NO aftermarket mods (air bags, etc.) can/will change the weight ratings on the truck. As alluded to above, the most critical specs are the ratings for the rear axle and tires on your truck. It is very dangerous to exceed those capacities (even if you have people say they've done that for years and have gotten by with it). Your first step should be to load the truck up (people fuel, hitch or weights, and anything else you would travel with) and head for the nearest CAT scales. Subtract the actual rear axle weight from the GVWRR and you will have your available payload (rear axle, that is) for the truck. Here are real-world numbers on an RV not too different from what you're considering (and my 2013 Sierra 2500HD DMax which should mirror your truck's capacities).

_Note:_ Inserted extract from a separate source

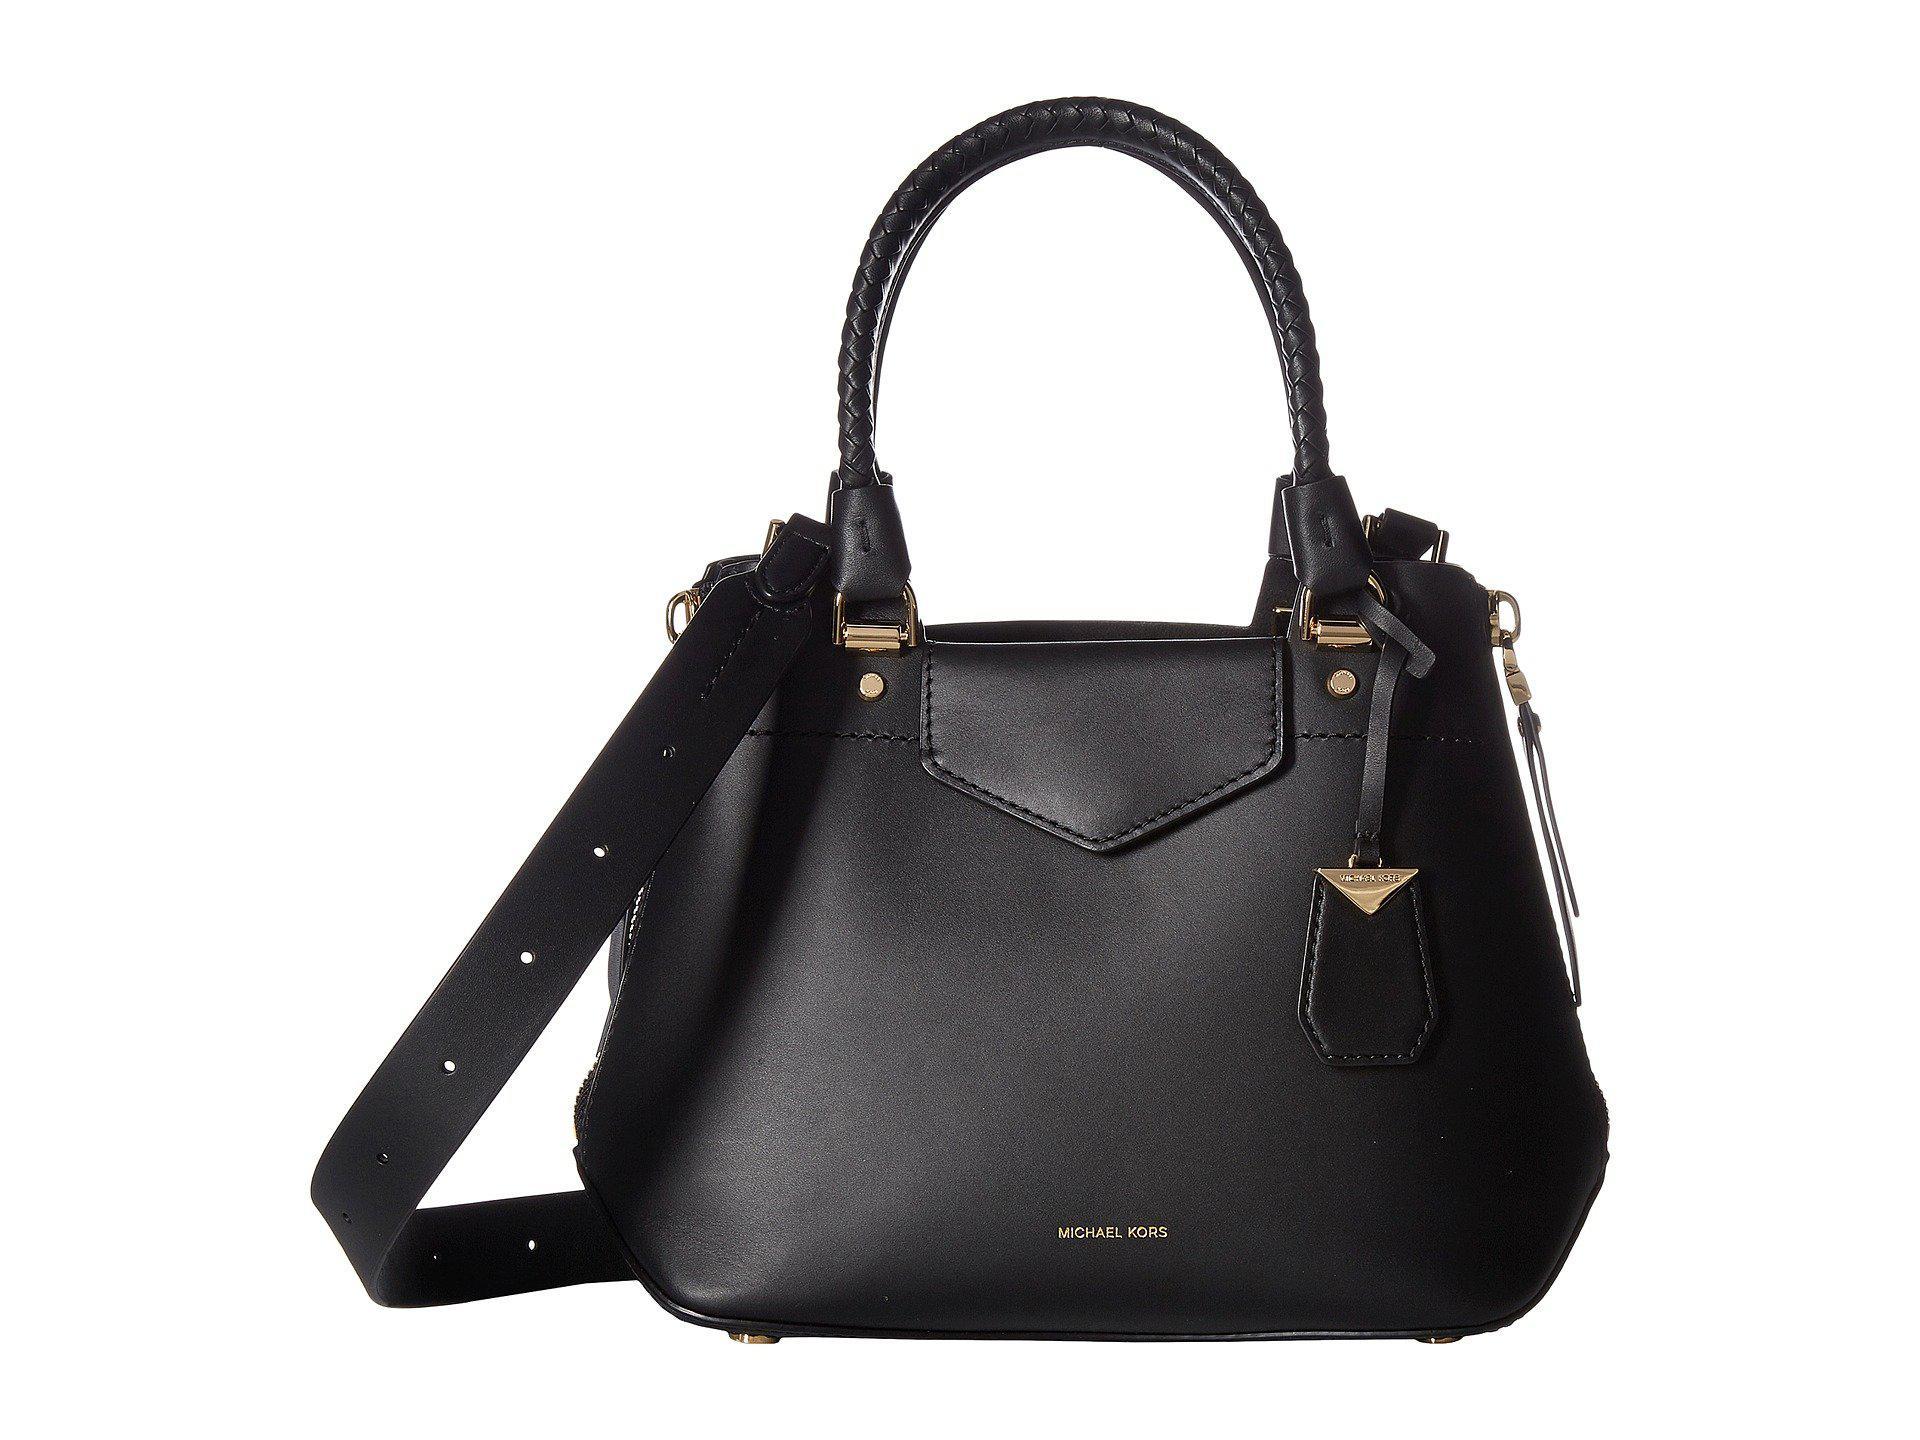 Blakely Medium Messenger Bag in Black Viola Leather Michael Michael Kors M7d3oh

Rear axle rating on truck: 6,200; actual: 3,080; payload: 3,120.
Dry weights on fifth wheel: 10,570; pin: 2,090; (GVWR: 13,995).
Actual fifth wheel loaded: approx. 12,600; pin: 3,060.
Weights are with a second AC over the bedroom in the front but no W/D in the closet and only a moderate load in the basement and bedroom storage. As you see, we can't load much more and be within the safety envelope. As full-timers, we are seriously considering upgrading to a 1 ton DRW in the next couple of months. As my first flight instructor used to say, "There are old pilots and there are bold pilots; there are no old, bold pilots."